底下有不少人在嘲笑夏霓裳的不自量力。冷夜軒肯這樣,是給了她們母子天大的福氣,偏她還不當回事,如今惹惱了皇上,隻怕以後有的她受了。
夏霓裳不是不知道底下的人作何感想,隻是,爲了兒子,說什麽她也要拼上一拼。
“皇上,霖兒年紀小,又不懂事,怎麽能擔起重任呢?”夏霓裳雖然說話急切,但并不是不懂事的無知少女,說出的話來,也是十分的隐晦的。
擔起重任,那麽,究竟是什麽重任呢?冷夜軒現在隻是封了冷夜辰霖做郡王,并不是封的太子。
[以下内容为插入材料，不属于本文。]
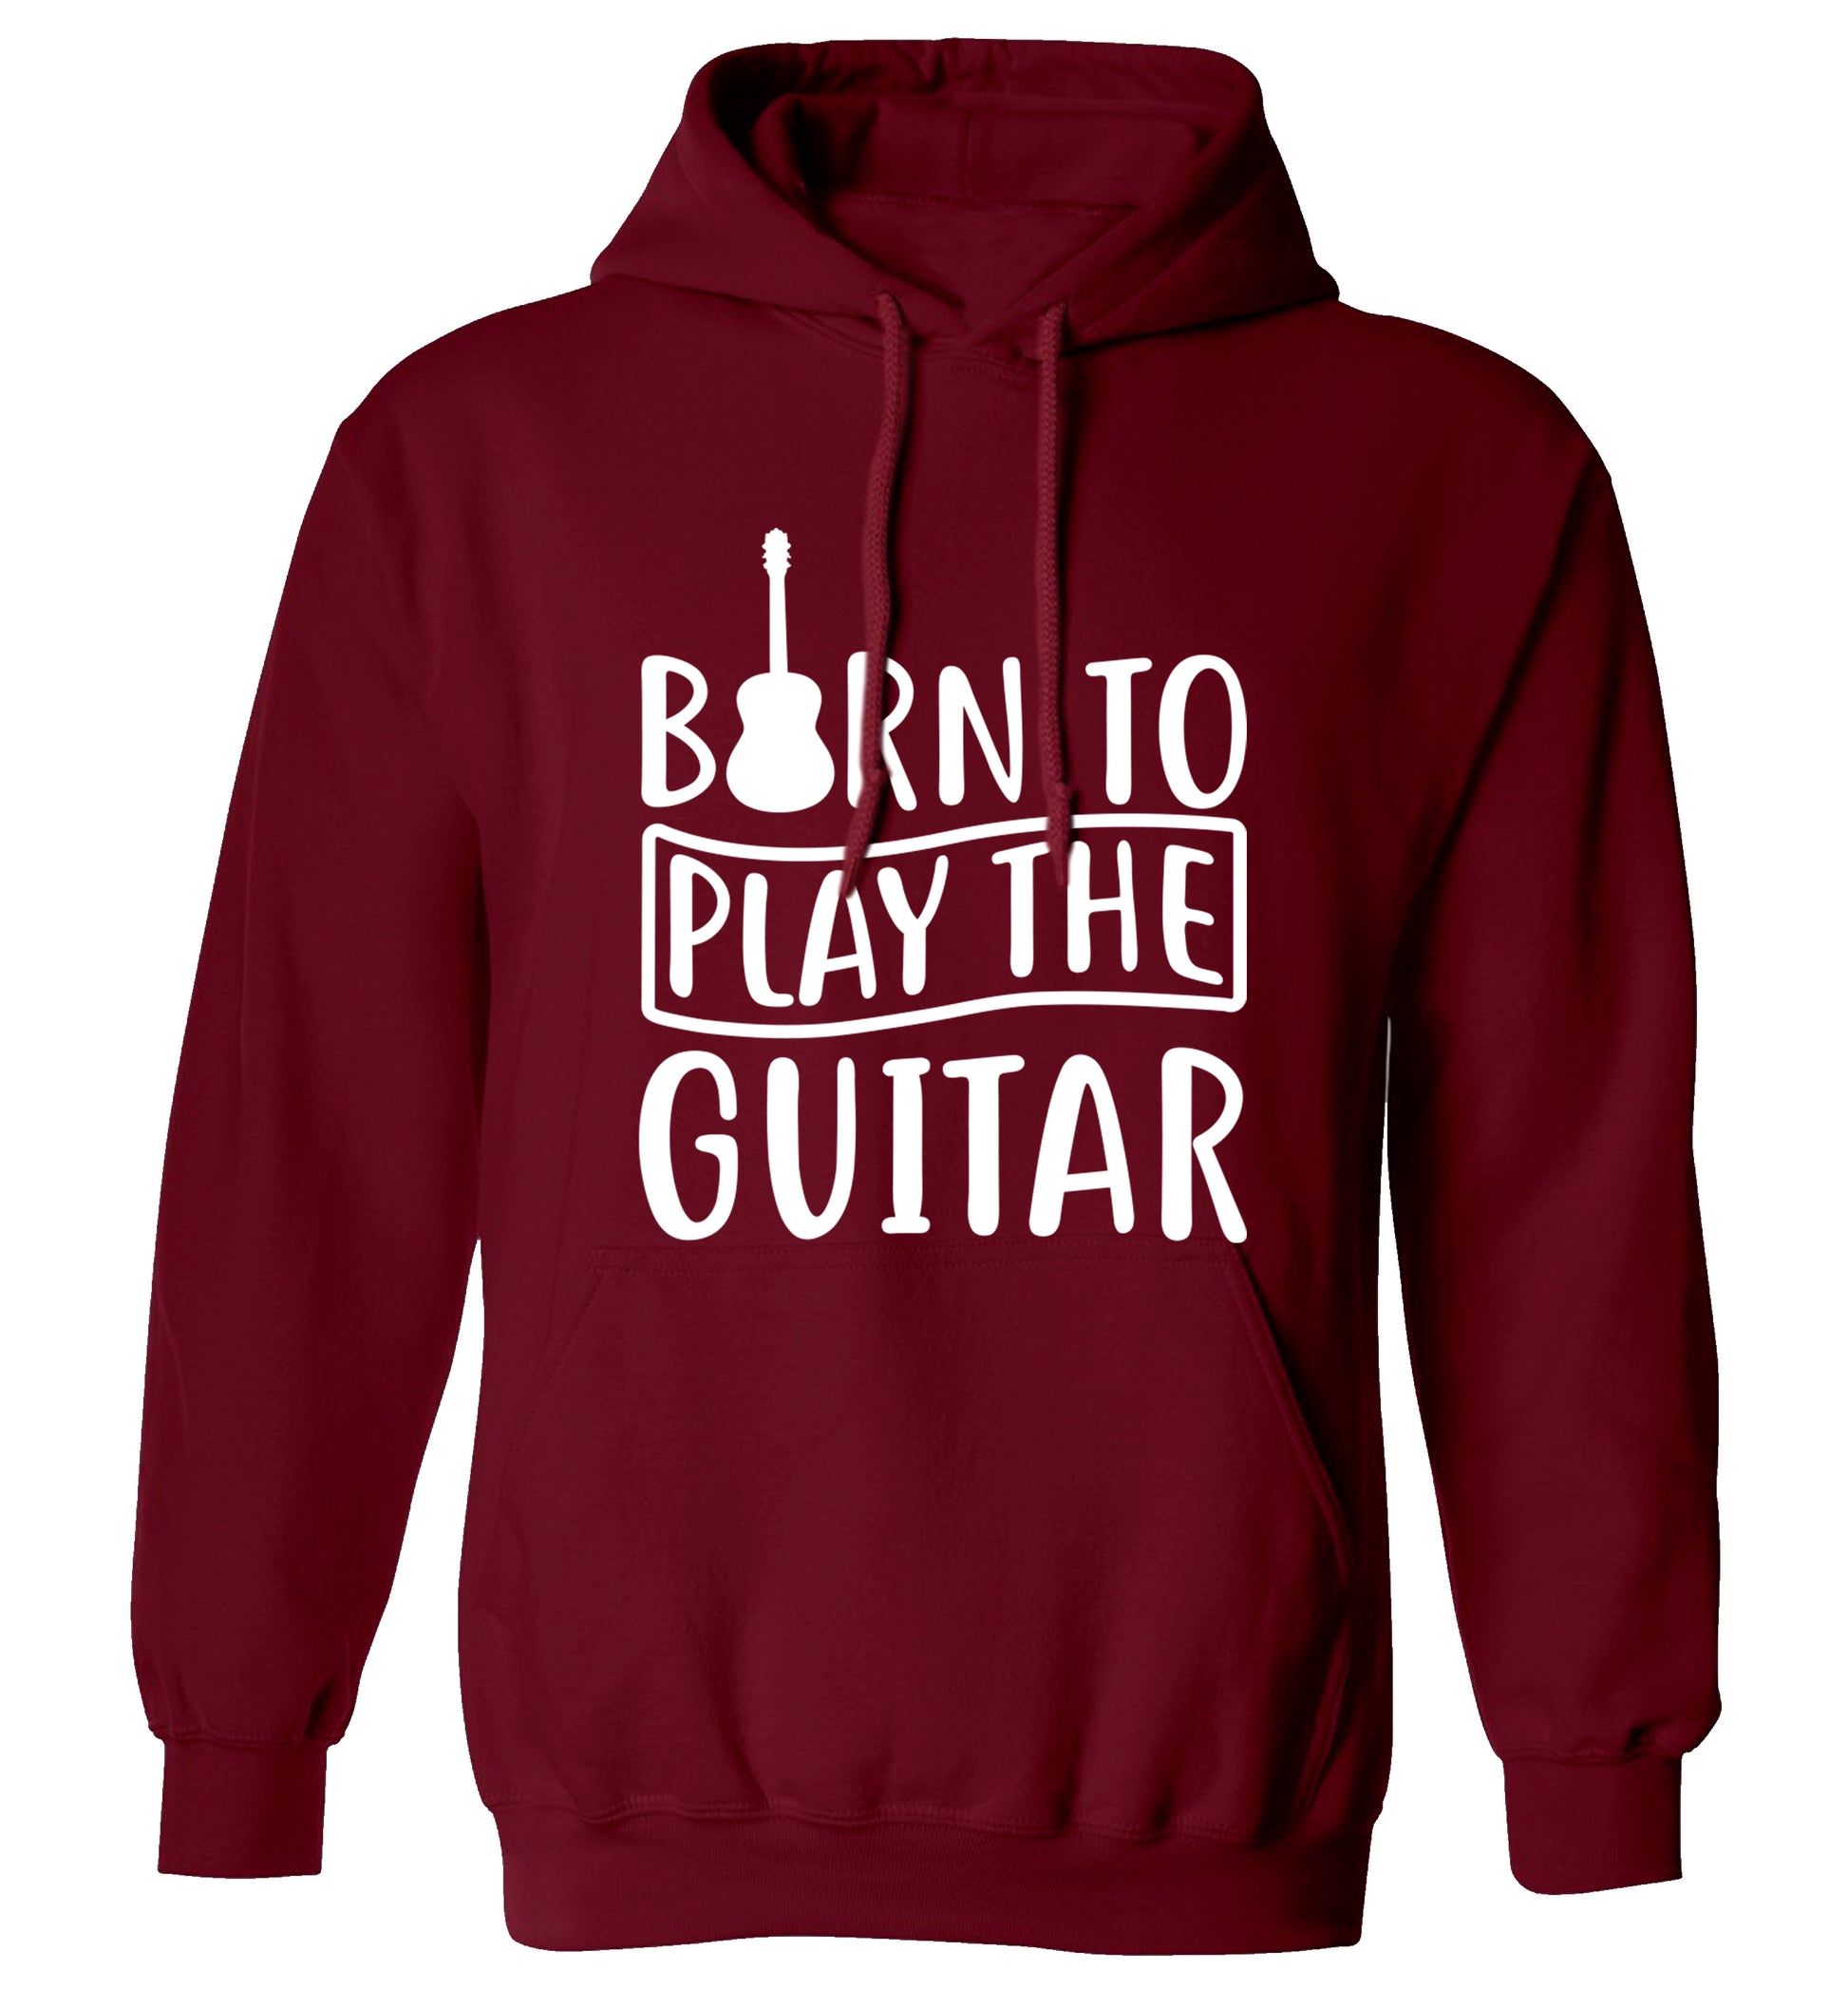 Born to play the guitar adults unisex maroon hoodie 2XL

誰知道日後會如何,有多少的皇子,一輩子就隻停留在郡王的這個層面上了。
可是,若是日後冷夜辰霖有機會去學習那些帝皇之術,有機會登上大寶,那麽如今的郡王,隻是小小的一步罷了。
夏霓裳說話,一向是聰慧,又留有餘地的。
她既說了冷夜辰霖年紀小,又是語音不詳,若是聽不懂的,隻會認爲夏霓裳是在拒絕那郡王之位。
進宮這麽多年了,從前世到今生,夏霓裳還沒有覺得這麽煎熬過。
她将話說完,便是感覺到身邊輕悄悄的,一點聲音都沒有。而她又是個看不見的,自然就不知道冷夜軒如今是做何感想的,便是覺得十分的煩躁。
夏霓裳從來沒有像現在這般,迫切的希望自己能夠看見東西。
冷夜軒聽得夏霓裳說完,臉上是一如既往的堅韌,冷夜軒不由得在心中歎氣,隻是有些話,卻是不好說出來的。
其實,他今日也是一時得意的忘了形,若是平日裏,他哪裏會在這麽個場合下了這樣的聖旨呢。不然,也不會鬧到現在的這個地步。
冷夜軒用餘光掃視了一下身旁的妃子們,見她們都是滿臉的笑意,幸災樂禍的看着夏霓裳。不知道怎麽了,竟是有一抹無名之火湧上心頭,讓人難受。
“你起來吧。”冷夜軒靜靜的開口,他的聲音裏,沒有一絲的波瀾起伏,好像是在說一句最最尋常的話語。
“皇上?”夏霓裳偏了偏頭,今日這件事,她一定是要有個結果的。不然,霖兒是怎麽讓人害死的,隻怕她都不知道。
好在,如今太後娘娘已經去世了,不然宮裏便又會有人說,夏霓裳不懂事,不知道分寸了。
“朕不過是開了個玩笑,不必當真。”冷夜軒有些尴尬,早知道,他就不會在這樣的場合,将這件事情提出來,反倒弄的大家都很尴尬。
“臣妾謝皇上體恤。”夏霓裳這才是緩緩的要站起來,爾岚在身後見狀,連忙是大步上前,輕巧的扶起了夏霓裳的手臂,讓她不會摔倒。
“那些東西,本來就都是給霖兒準備的,就都賜到栖鳳宮吧。”頭一句話是對夏霓裳說道,而後面的那句話,卻是對身邊那些觊觎的妃子們說道。
冷夜軒在後、宮裏好歹也生活了三十多年,對于很多的事情,都是十分的清楚。